## 916238457

Posted by Chris on September 24, 2014 – 12:33 pm

916238457 is a nine-digit number that has the property that has the digits 1 to 9 exactly once and the digits 1 to 5 are in counting order but the digits 1 to 6 are not. How many such numbers are there?

September 27th, 2014 at 12:49 am

Assume that you mean that digits 6 to 9 (not 1 to 6) are not in counting order.

My answer: 9!/4! = 15,120

September 27th, 2014 at 1:15 am

Okay, that’s wrong.

September 27th, 2014 at 10:02 am

Hi Wiz. No typos in the posted problem.

I mean e.g. the sequences 612345 and 123645 has 12345 in order, but the 6 isn’t. 789 can be anywhere and in any order.

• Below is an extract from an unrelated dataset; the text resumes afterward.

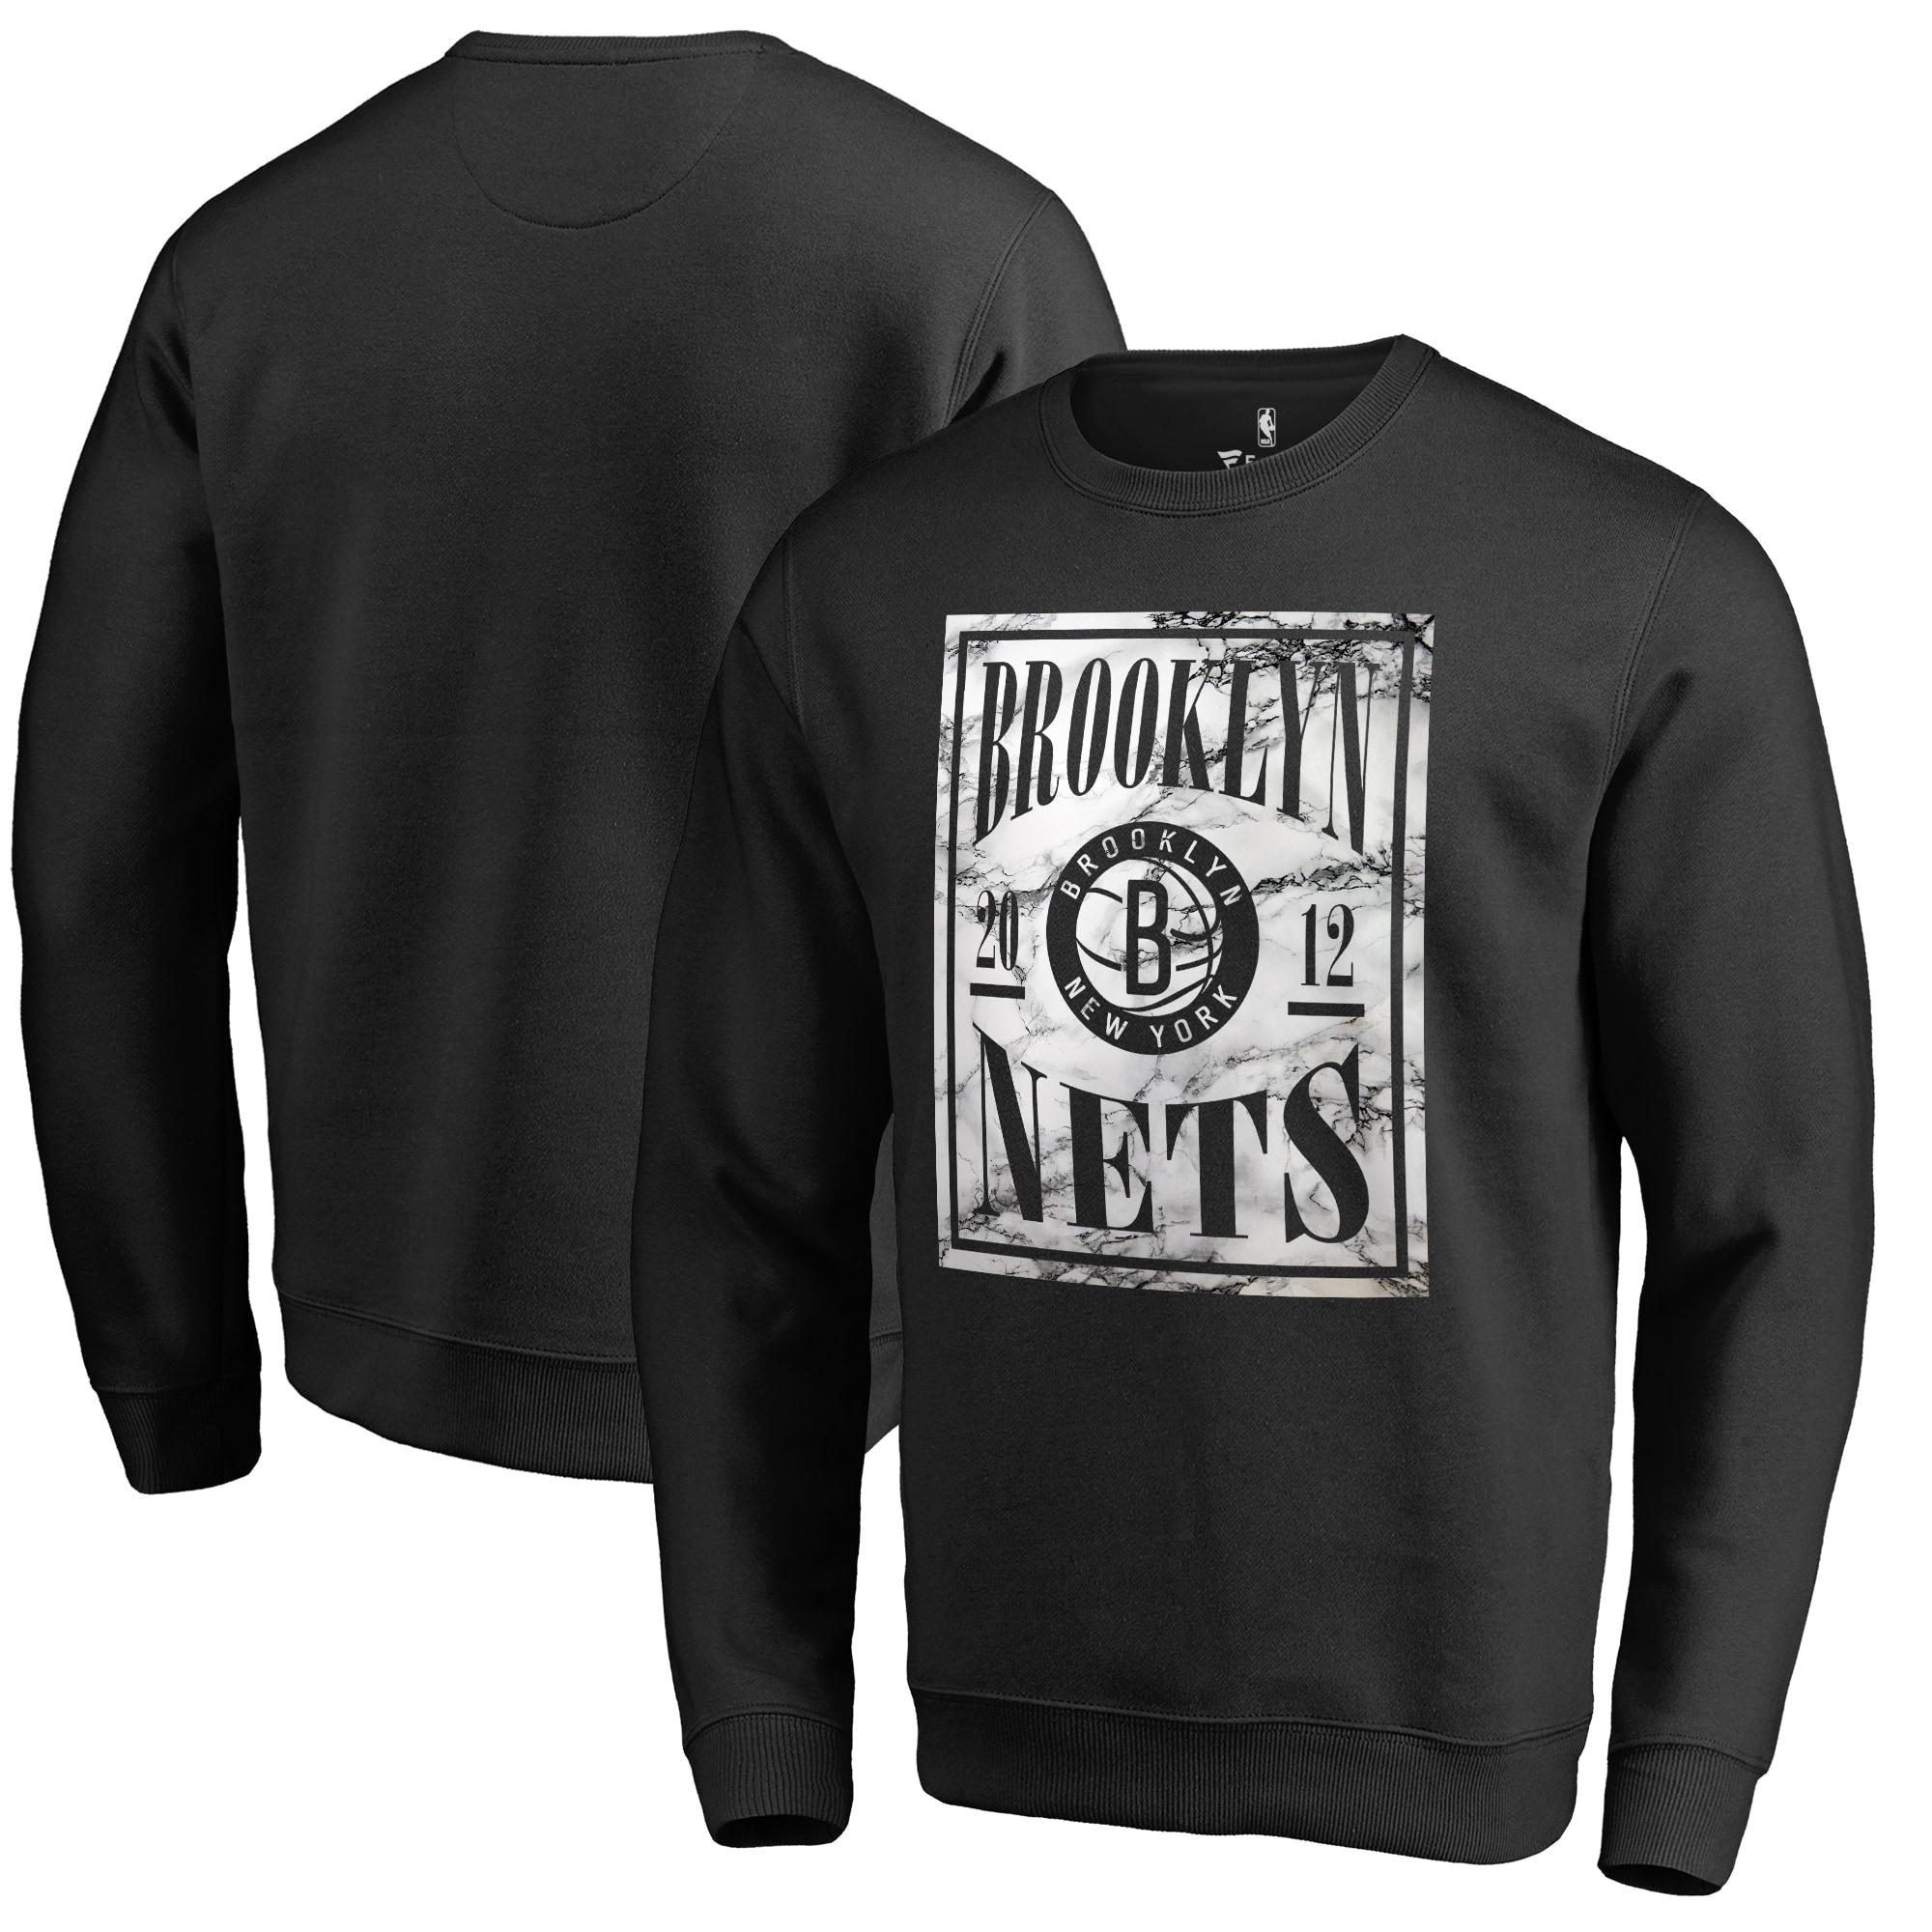 Brooklyn Nets Fanatics Branded Court Vision Crew Sweatshirt - Black

I don’t know the answer. I haven’t tried to do it yet. Thankfully there can only be 9! = 362 880 possible numbers, so we can easily check by number crunching.

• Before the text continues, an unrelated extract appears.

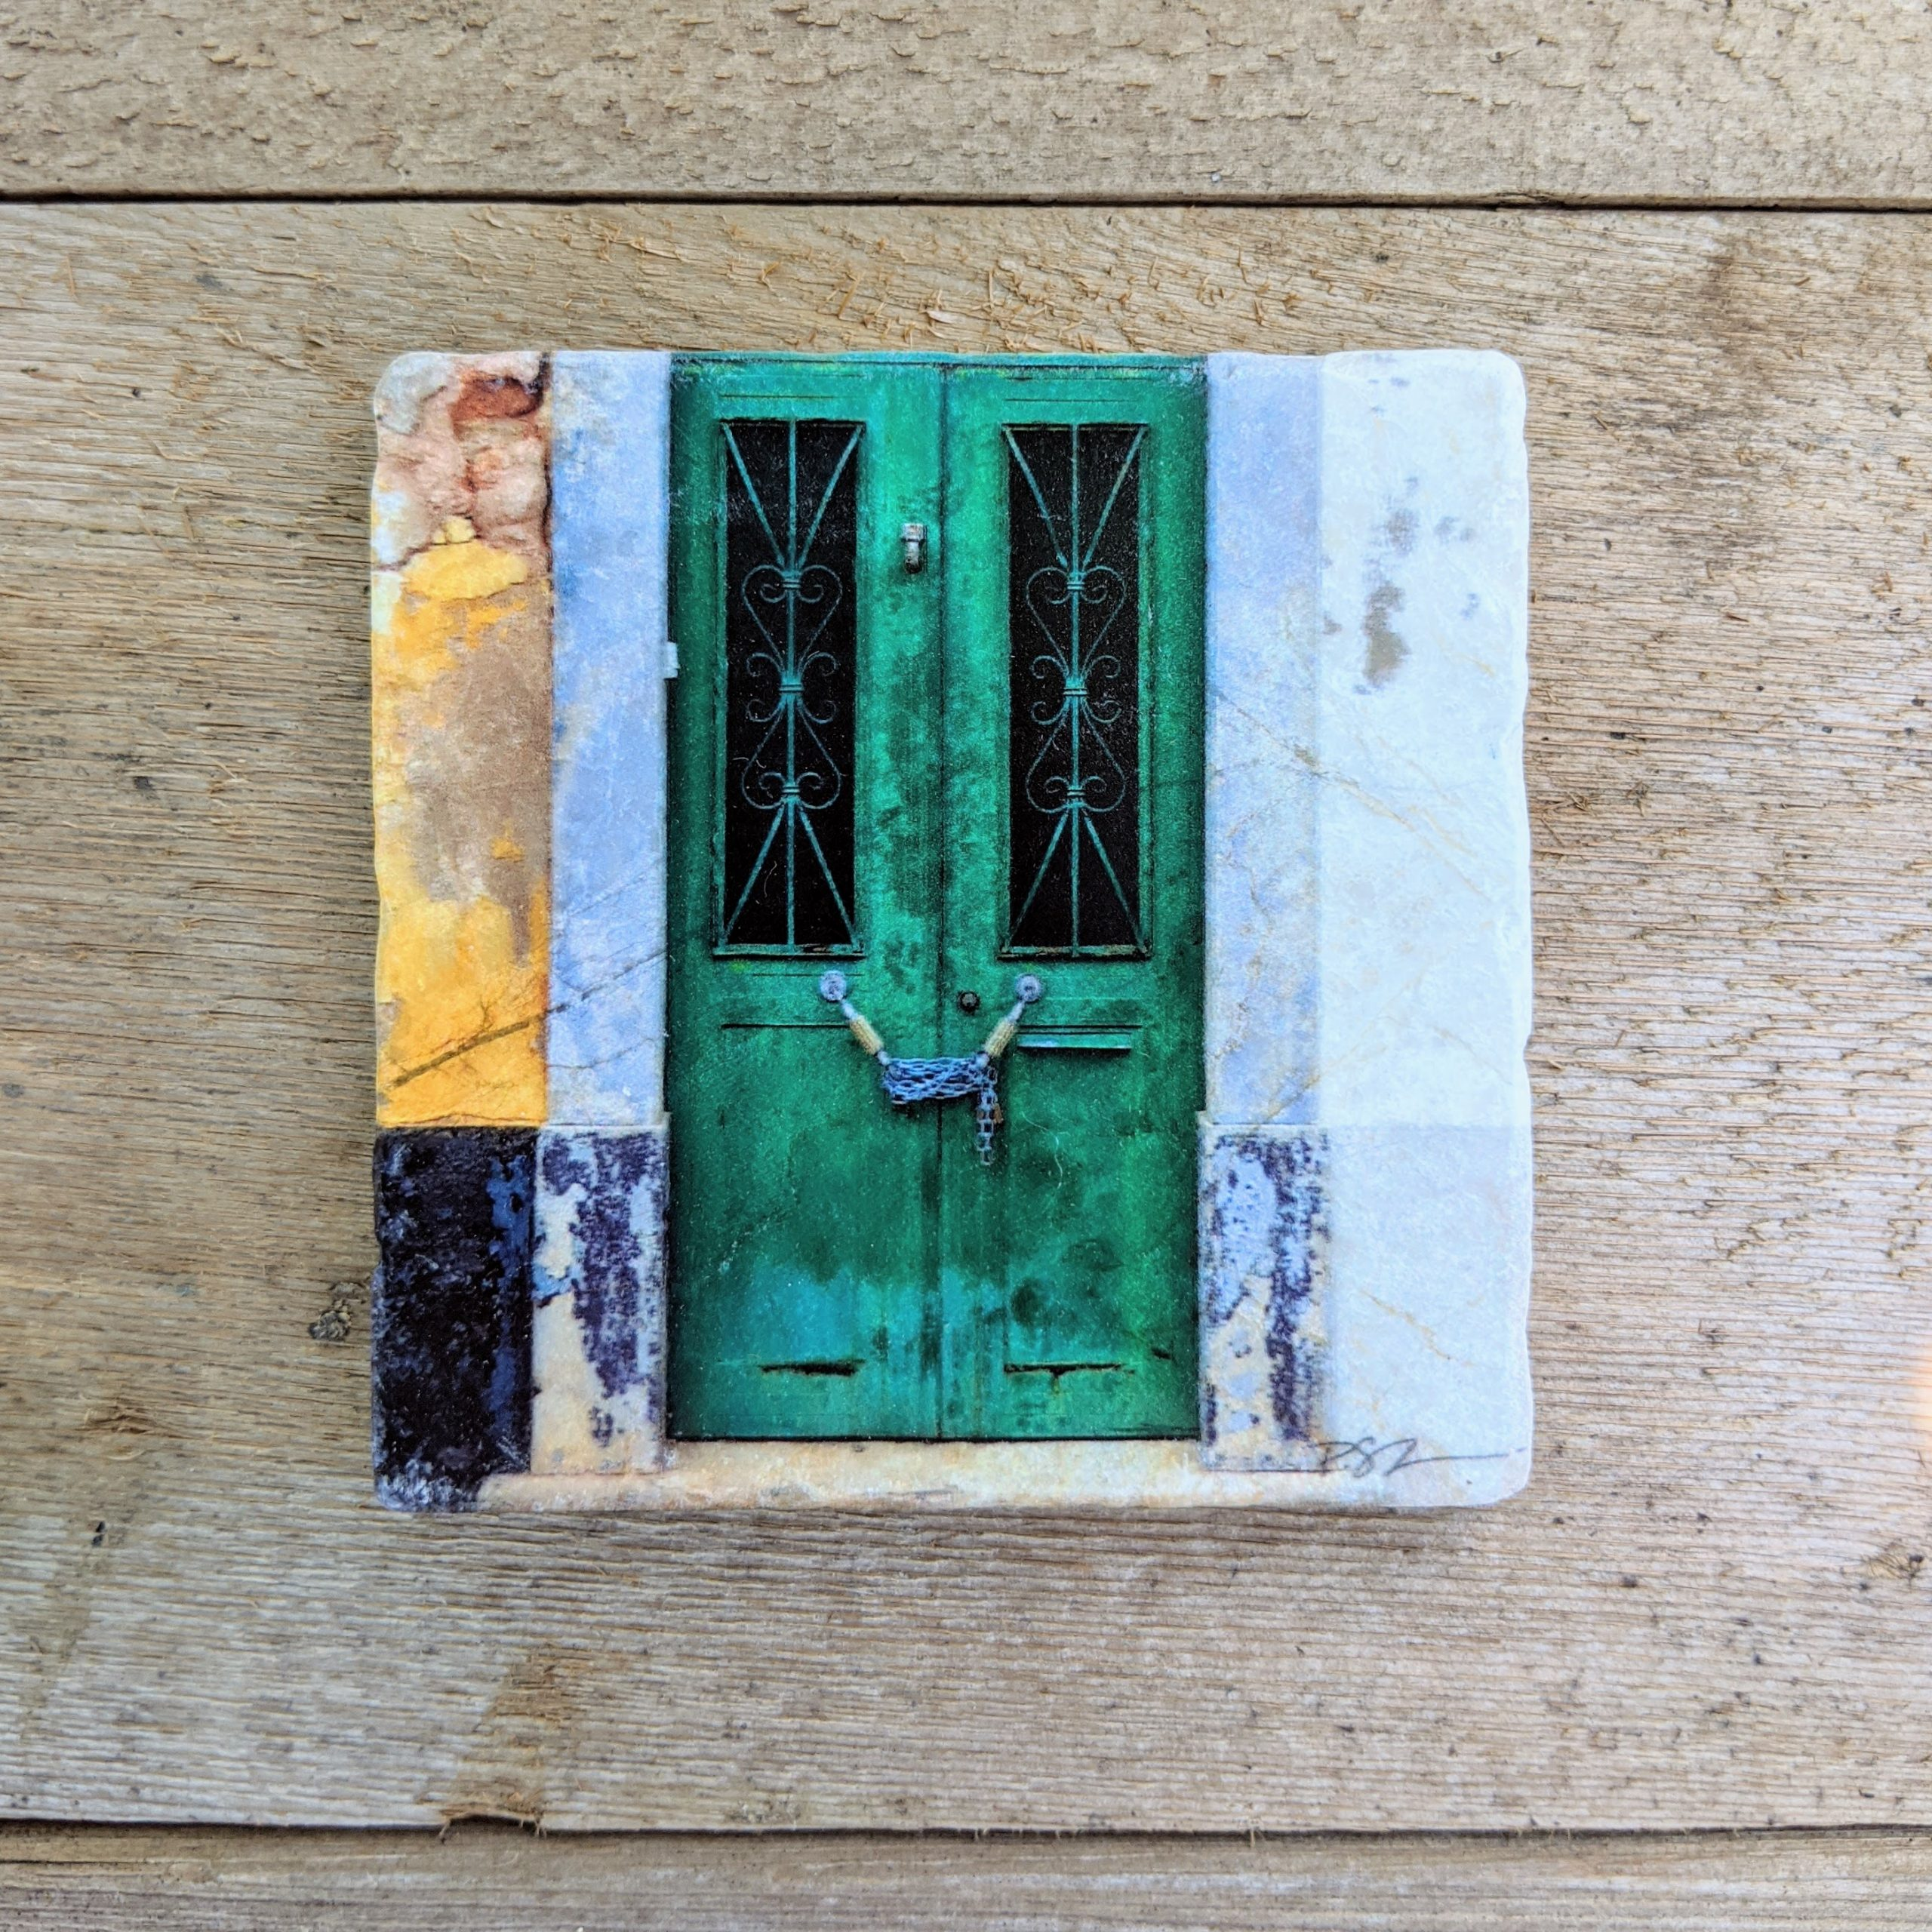 Marble Art Coaster - Portugal Door Grn

5 mins later: I think I have the answer. If so, then your 9!/4! is a factor.

September 27th, 2014 at 12:04 pm

Aaargh. I had a brain fart. I don’t have the answer.

September 27th, 2014 at 1:15 pm

That was a brain fart too. I do have the answer (perhaps, maybe ).

September 28th, 2014 at 1:50 am

Hi Chris,

Your “clarification” in post 3 seems to confirm what I thought the problem was supposed to state. That is, within the set of nine different digits, 1, 2, 3, 4 and 5 occur in that order but spaced out in any way, and 6, 7, 8 and 9 can occur in any order and placed wherever there are spaces between 1 to 5 within the 9-digit set. But your statement that digits 1 to 6 are NOT (in counting order) makes no sense to me in this context.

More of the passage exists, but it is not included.